The accused was convicted of various drug offenses involving marijuana and cocaine. The main thrust of his appeal centers on the search of his off-base apartment which he argues was unlawful because the affidavit supporting the search warrant “contained a misrepresentation” and created “a false impression.” We find this error to be without merit and affirm.

I

The facts are not in dispute. On 20 May 1983, a civilian magistrate issued a search warrant authorizing a search of the accused’s residence. Under this warrant, civilian police officers, with agents of the Office of Special Investigations (OSI) present, searched the accused’s apartment and seized quantities of marijuana and cocaine together with a substantial amount of drug-related paraphernalia.
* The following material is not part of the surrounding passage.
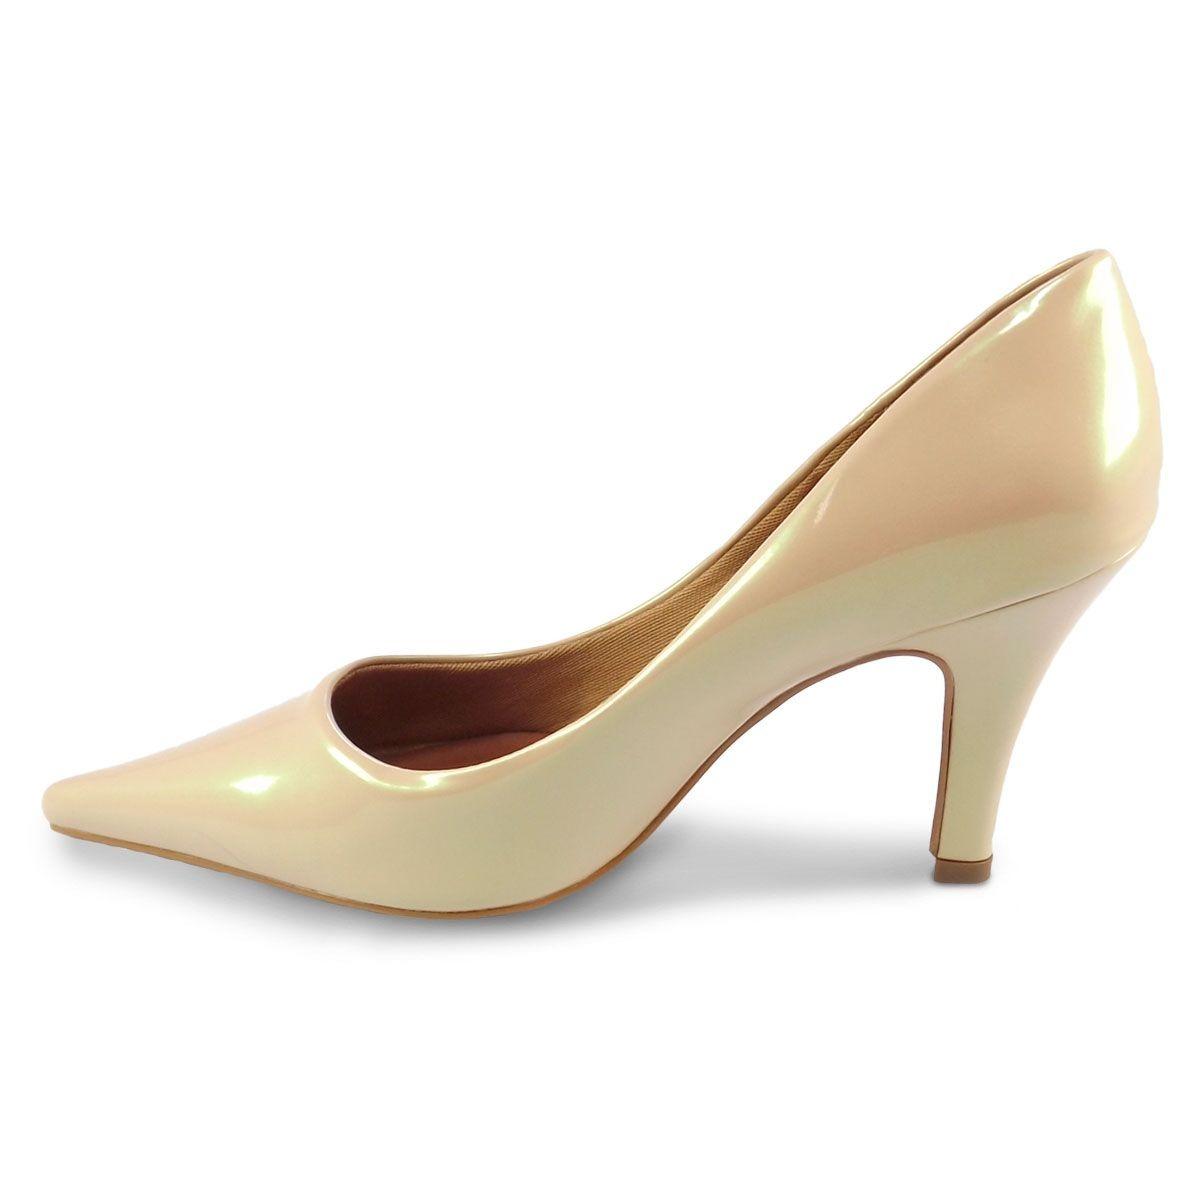 342de8876d sapato scarpin salto fino branco noiva casamento festa. Carregando zoom.
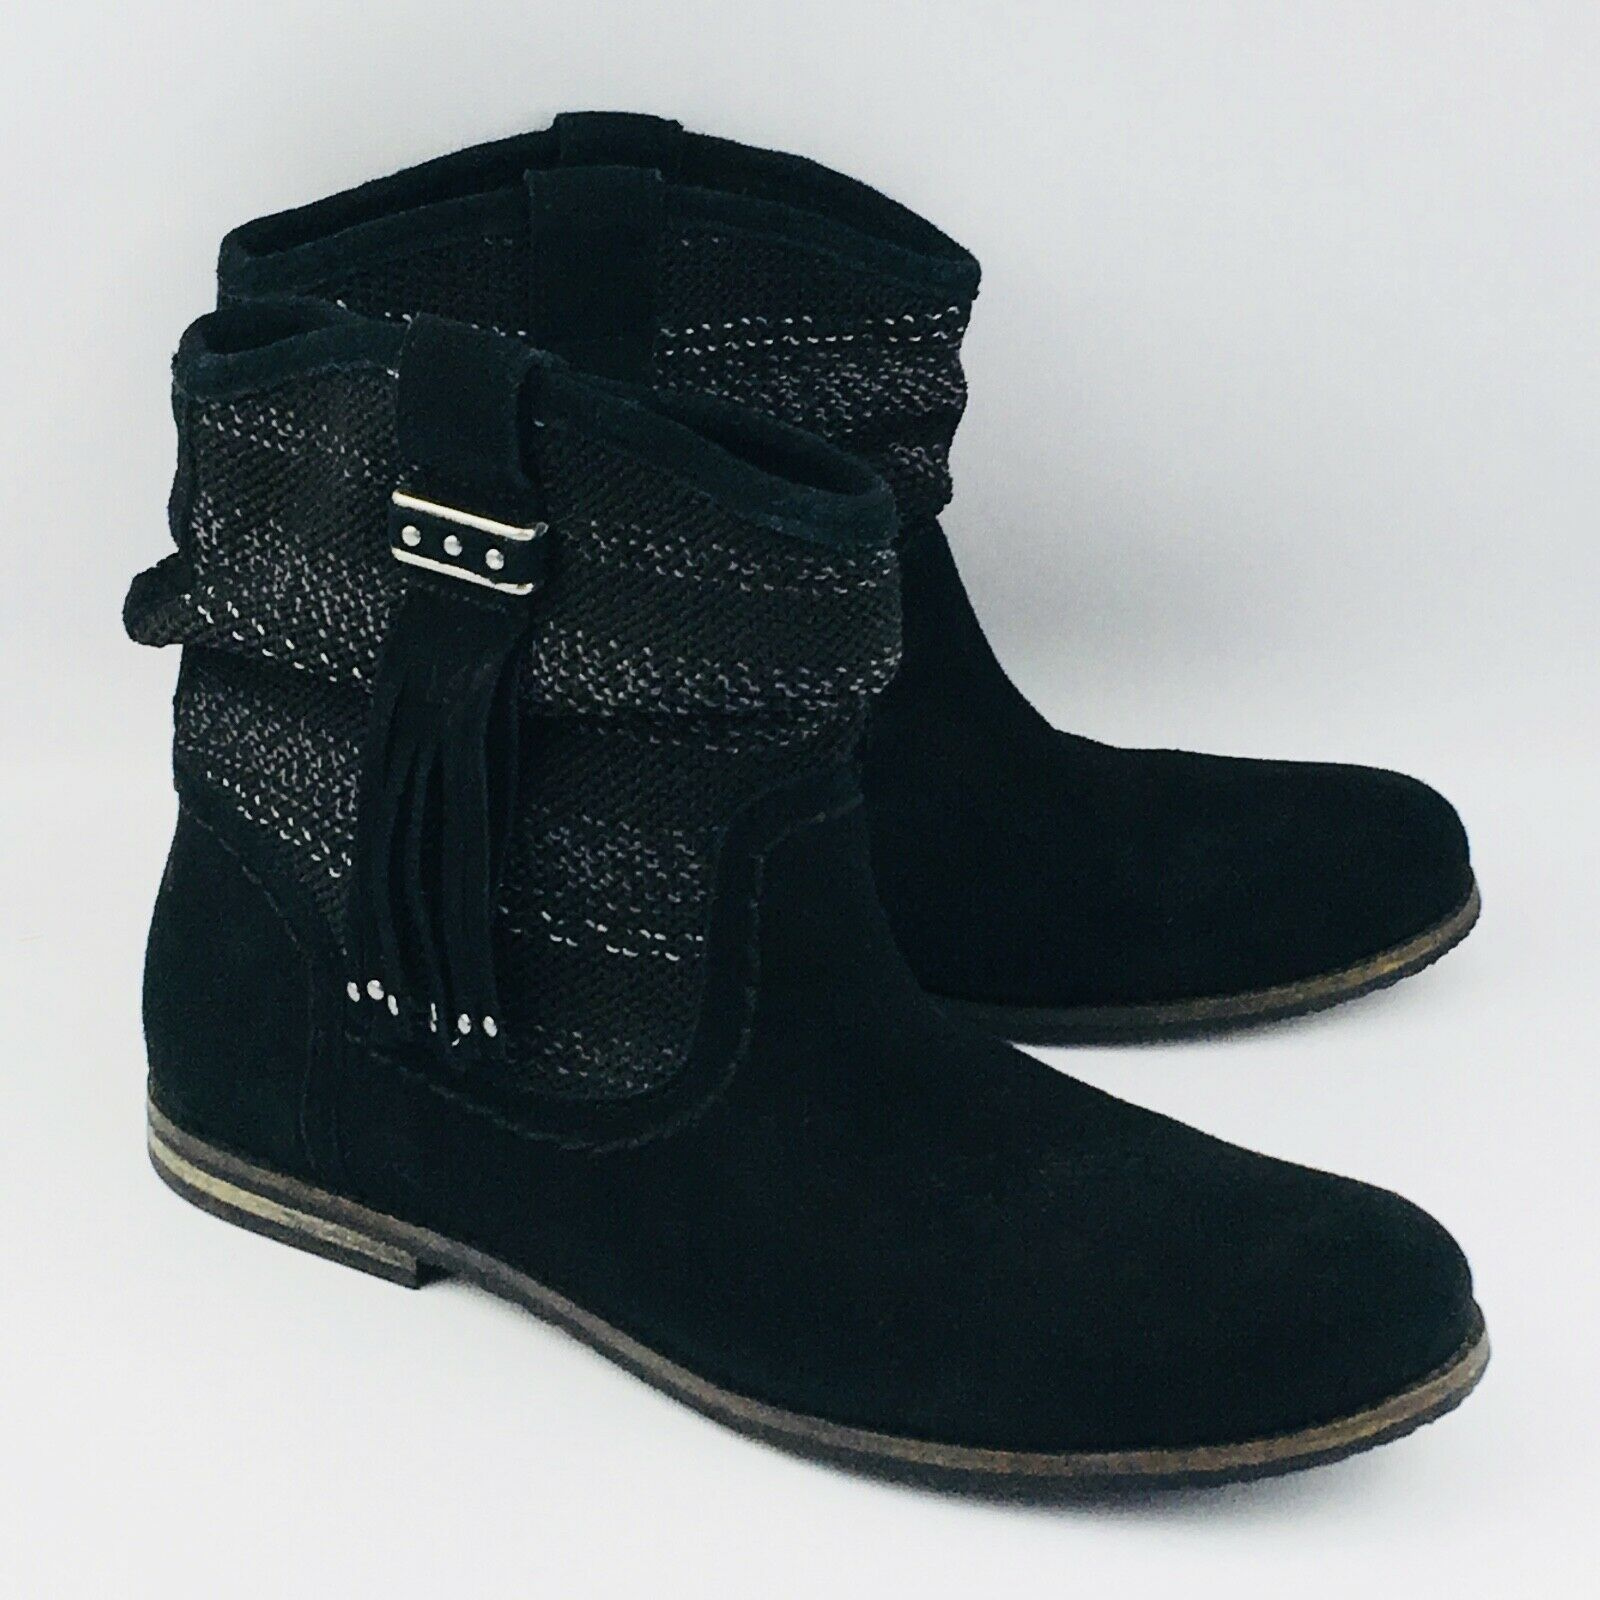 Womens 10 The Sak Jezebel Boots Black Leather Ankle Slouch Tassel 7

The search warrant was based on the affidavit of OSI Special Agent Michael Scott which in part stated:

On 5-09-83 your affiant was advised by a confidential informant that ... Jeffrey Howard Winters, residing at 5200 Canyon Crest, Apt # 90, in the city and county of Riverside, was actively engaged in the sale of controlled substance.
On or about 5-16-83 to 5-18-83 your affiant provided the confidential infor*611mant (Cl) with an amount of federal recorded funds for the purchase of a quantity of controlled substance (cocaine) from ... Jeffrey Howard Winters, at 5200 Canyon Crest, Apt # 90, residence, (emphasis added)

The affidavit went on to state that the informant made a “controlled buy” from the accused on 16 May 1983. Citing Mil.R. Evid. 311(g)(1) and (2),* the accused moved to suppress all evidence seized on 20 May 83, as the product of an illegal search and seizure. The gist of the suppression motion is that Agent Scott provided “false and misleading” evidence to the issuing magistrate when he averred that “on or about 5-16-83 to 5-18-83, your affiant provided an [informant] with an amount of federal recorded funds.” The accused maintains that this statement created the impression that drug activity occurred on all three days when in fact it only took place on one day, 16 May. Therefore, in his view, the magistrate could not make an informed determination that probable cause existed on the date the warrant was requested and issued, i.e., 20 May 1983.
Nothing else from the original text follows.